*Data segment*.
+ + +

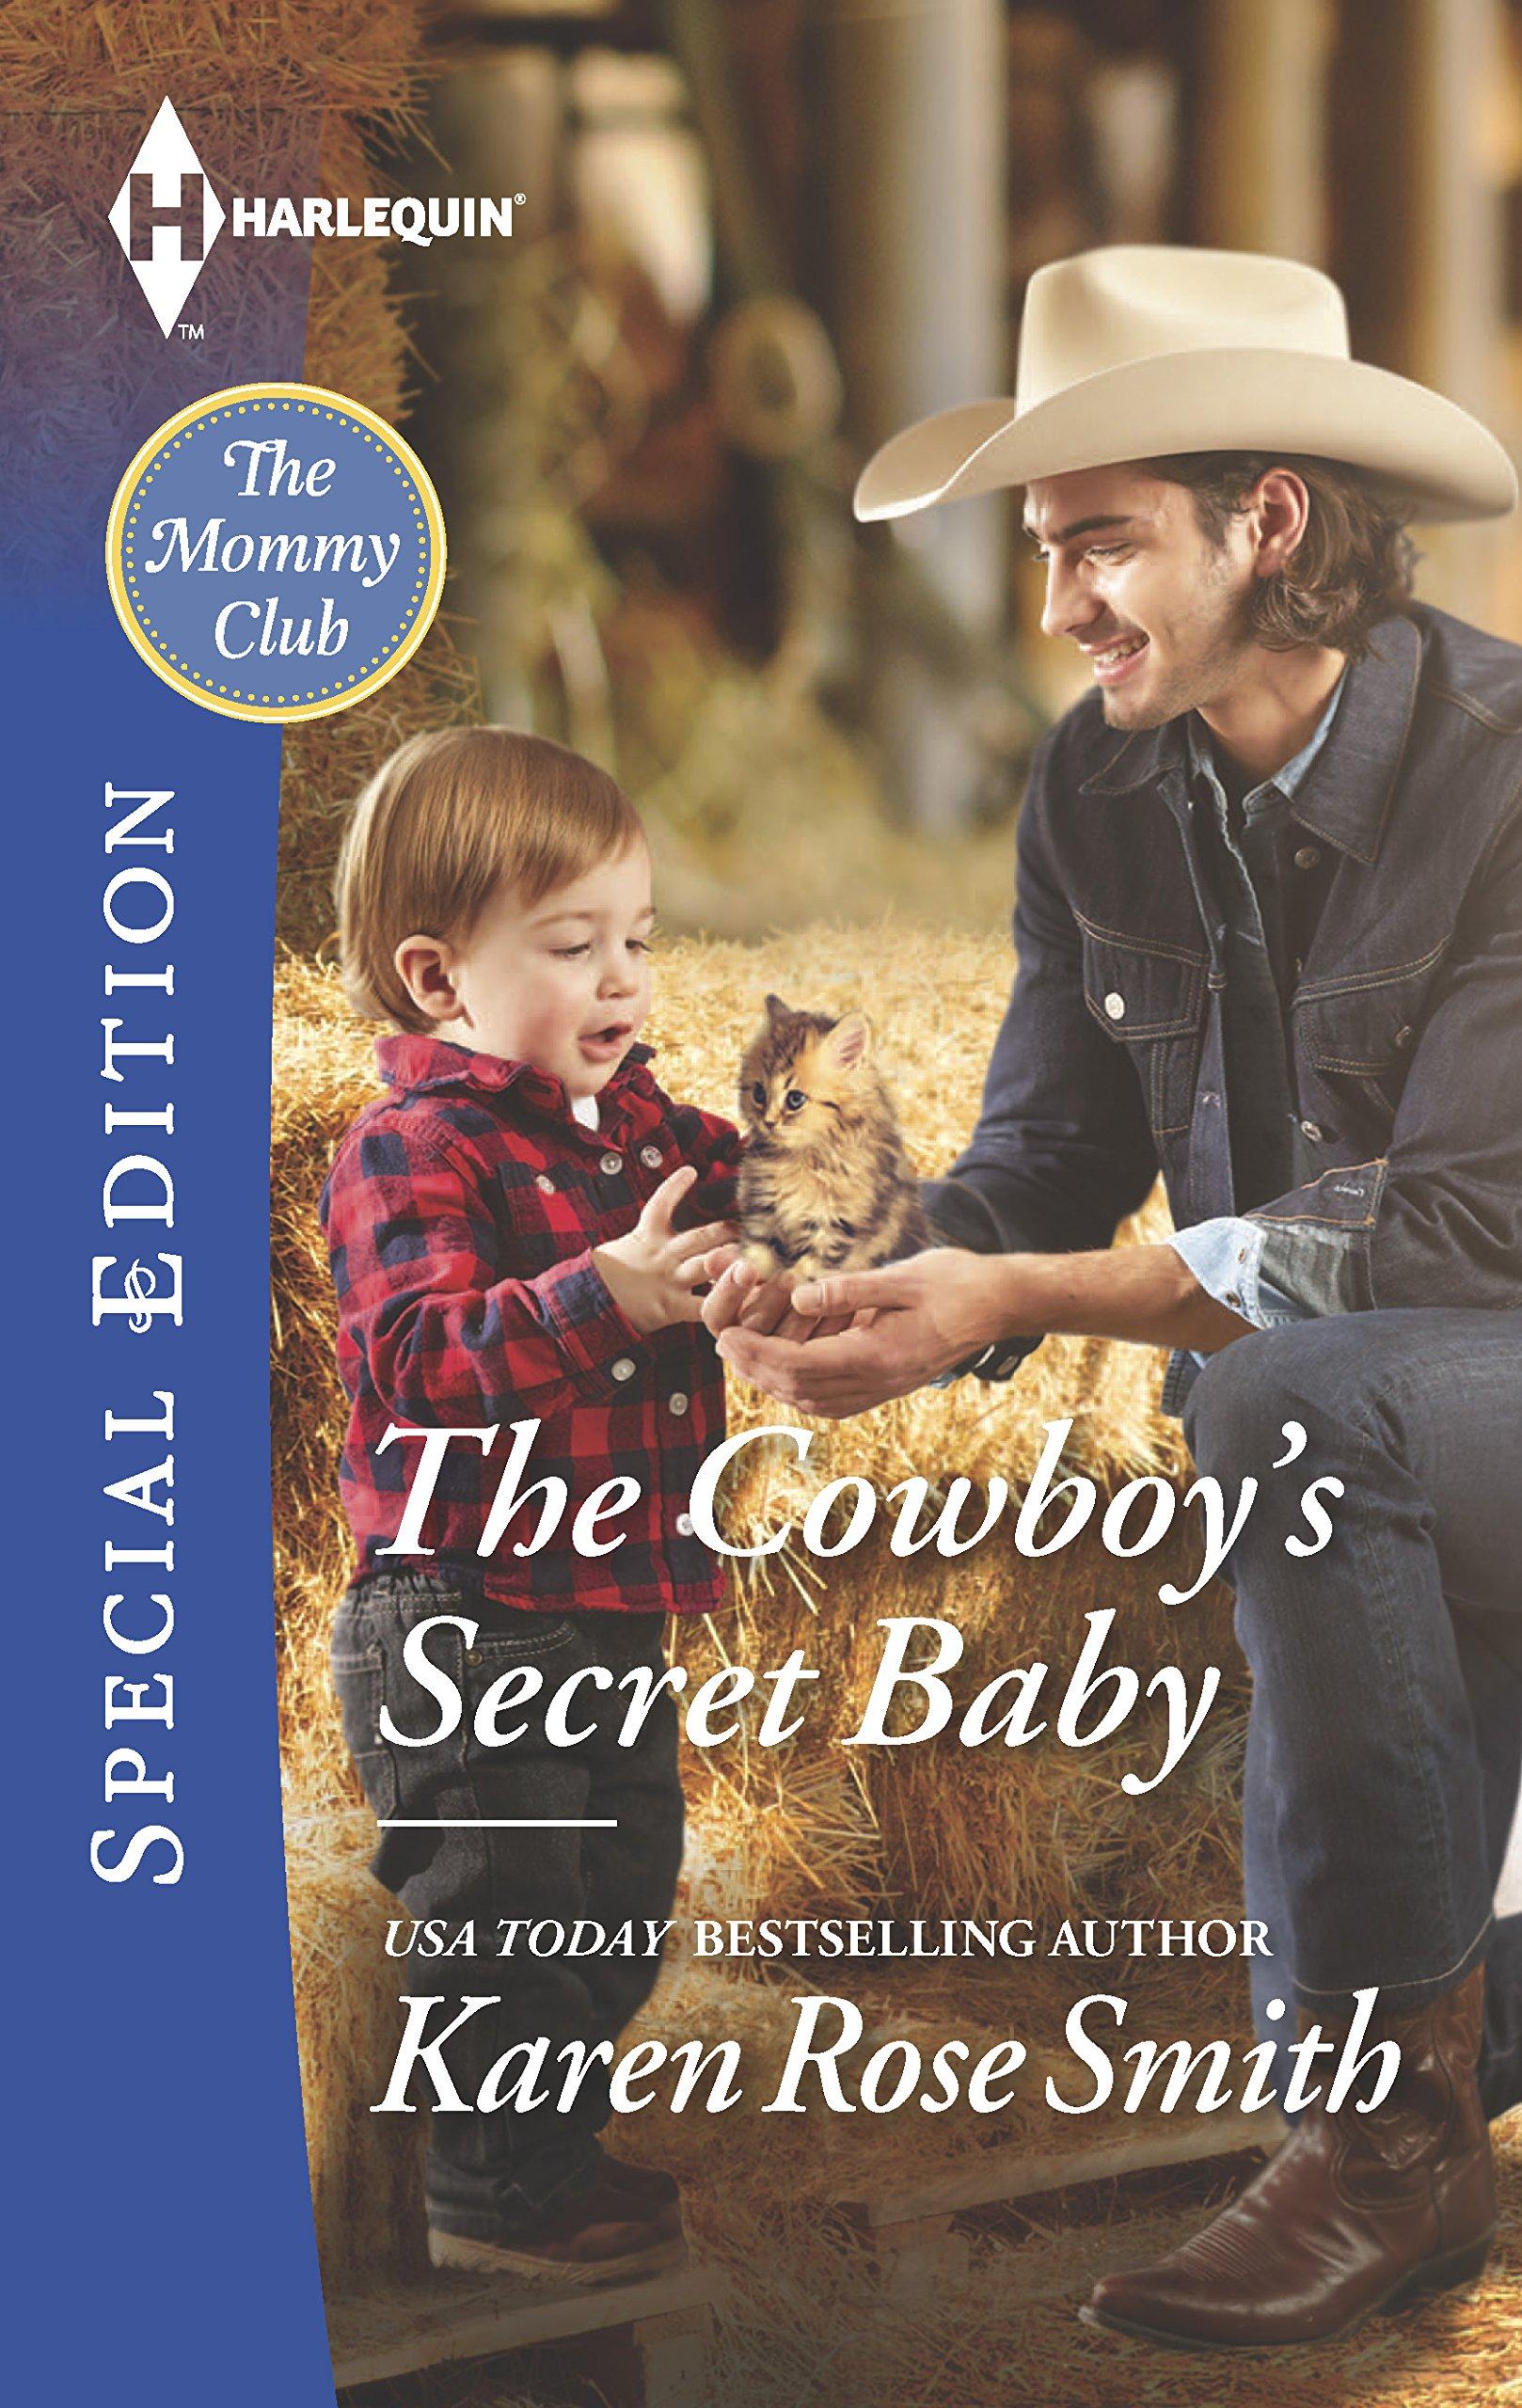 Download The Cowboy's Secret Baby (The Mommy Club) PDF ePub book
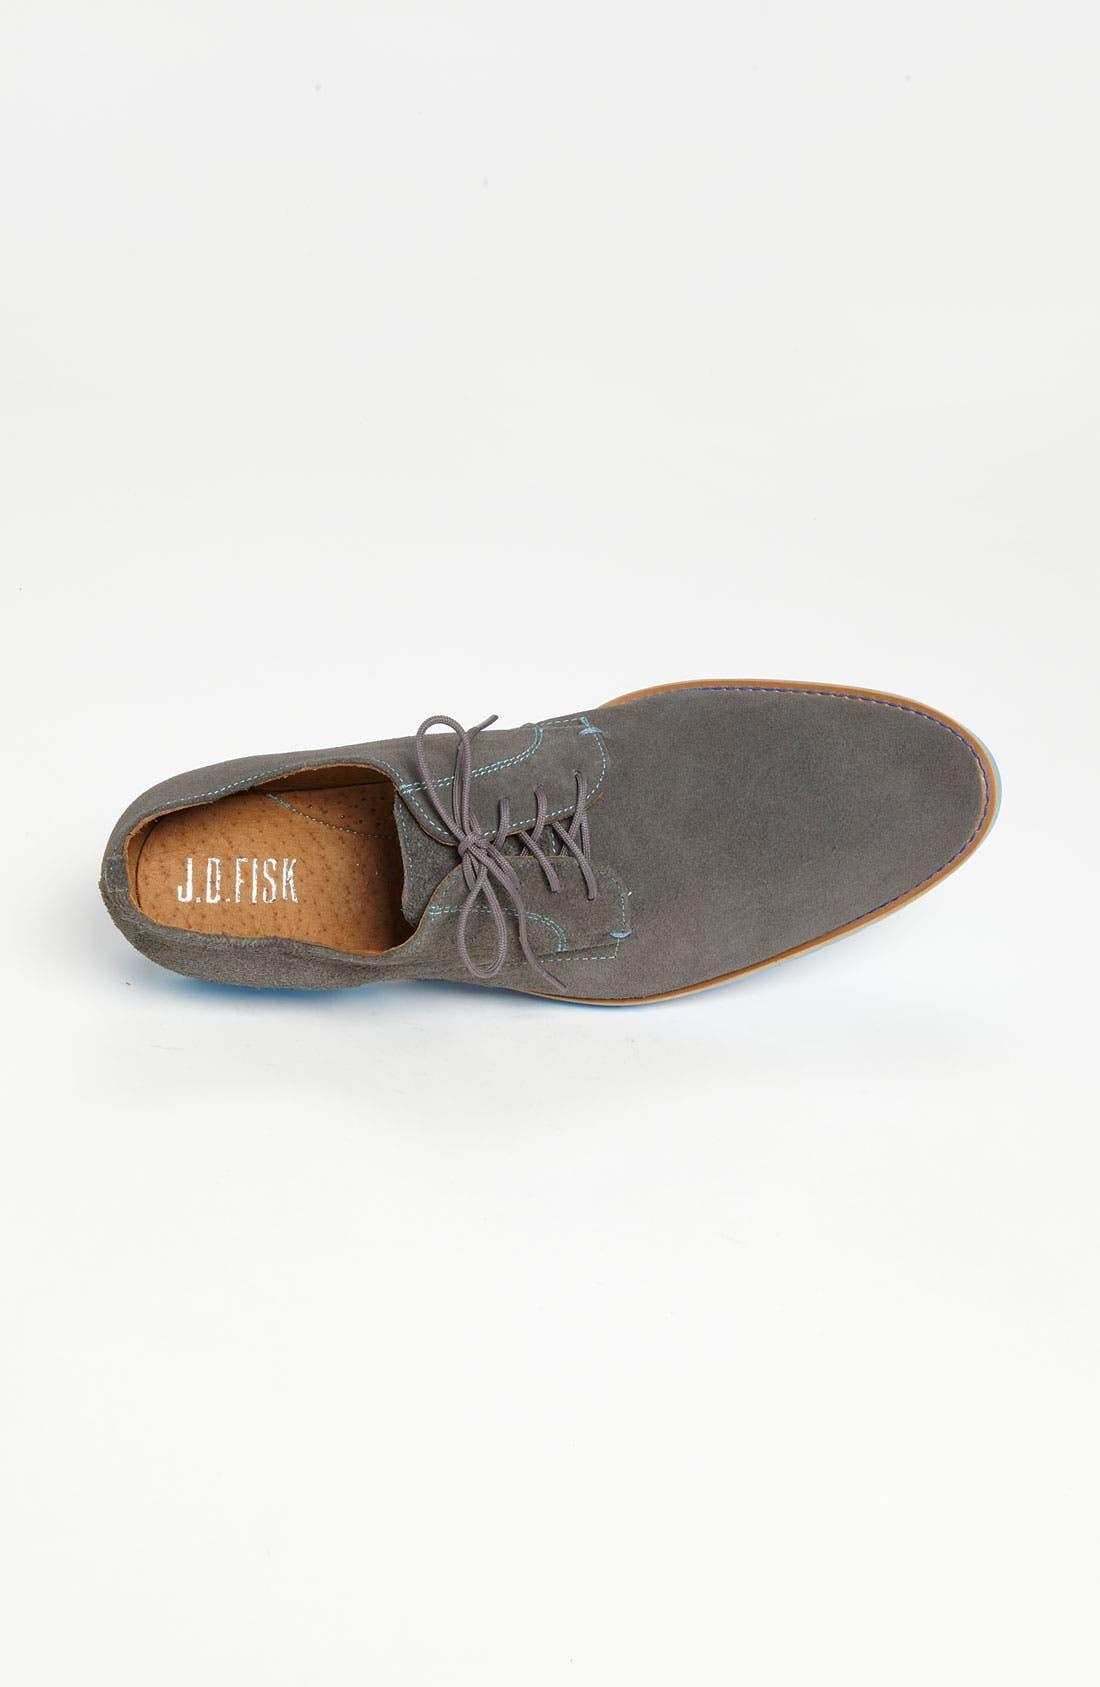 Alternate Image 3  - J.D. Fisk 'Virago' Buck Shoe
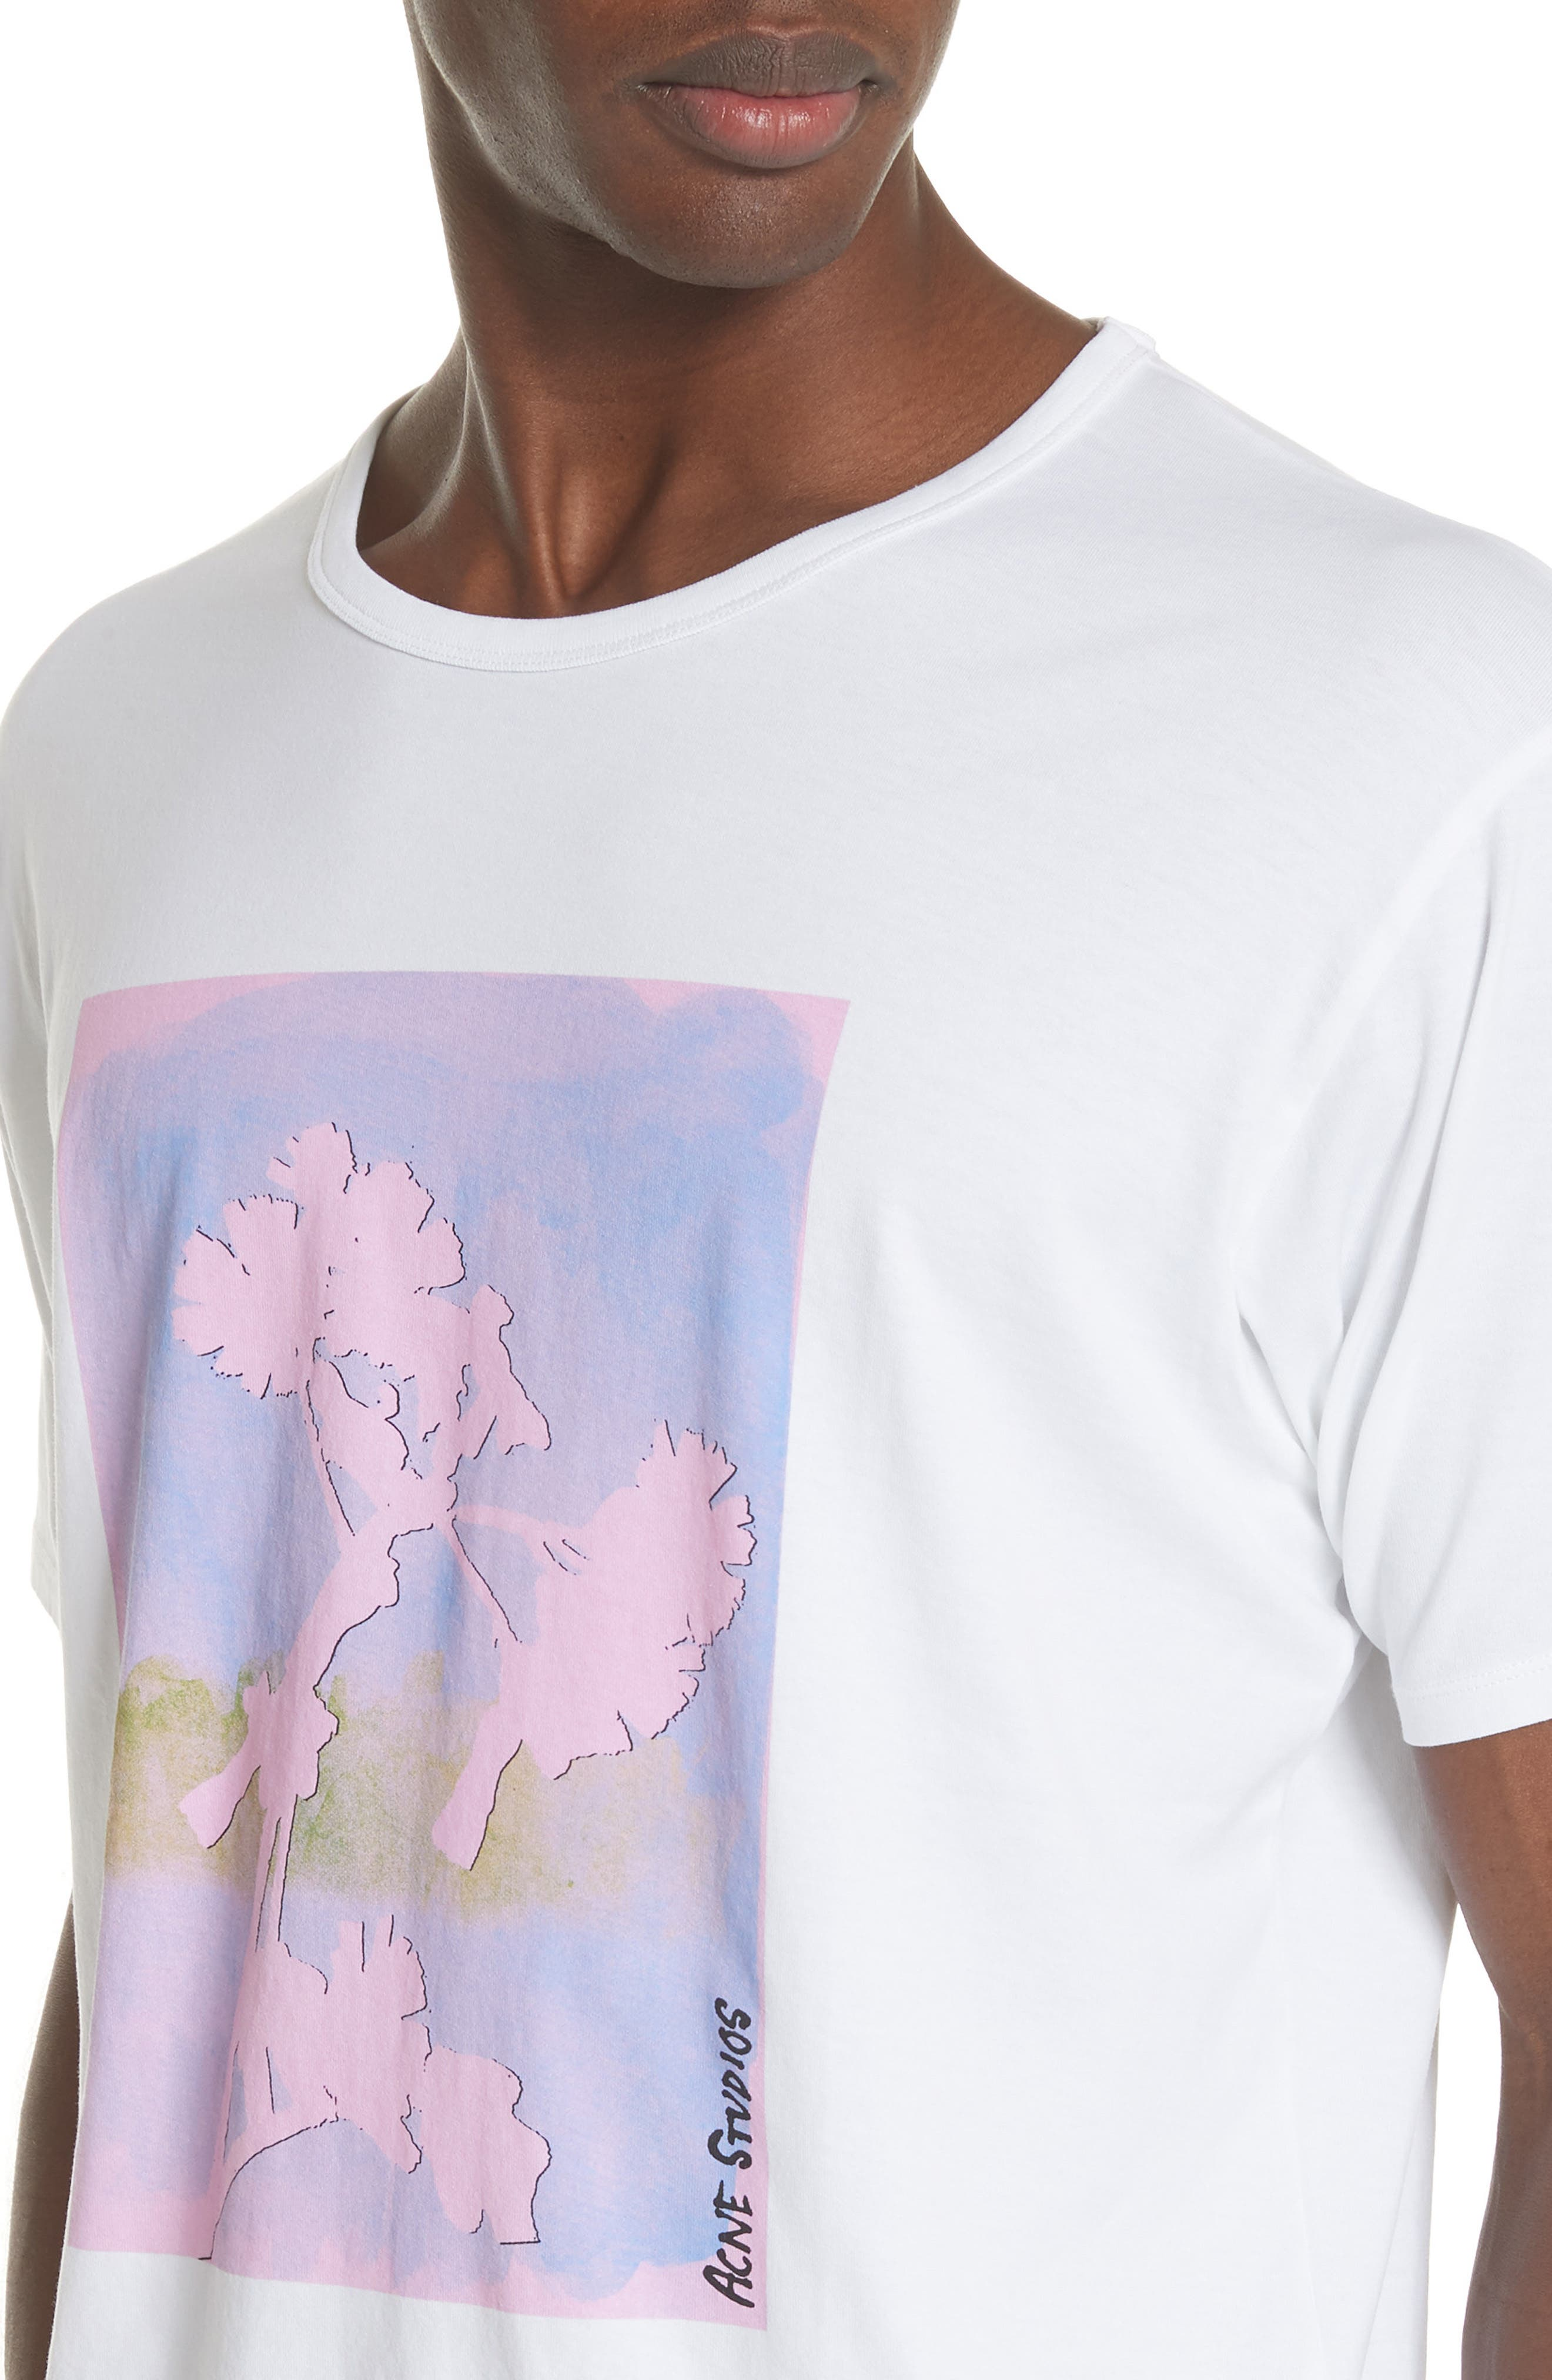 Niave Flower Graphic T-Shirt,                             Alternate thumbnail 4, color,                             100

+ + +

*Brief*. Set down the material above exactly as it reads, but not its pictures.

*Task answer*.
 Download The Cowboy's Secret Baby (The Mommy Club) PDF ePub book
 Alternate Image 3  - J.D. Fisk 'Virago' Buck Shoe
 Niave Flower Graphic T-Shirt,                             Alternate thumbnail 4, color,                             100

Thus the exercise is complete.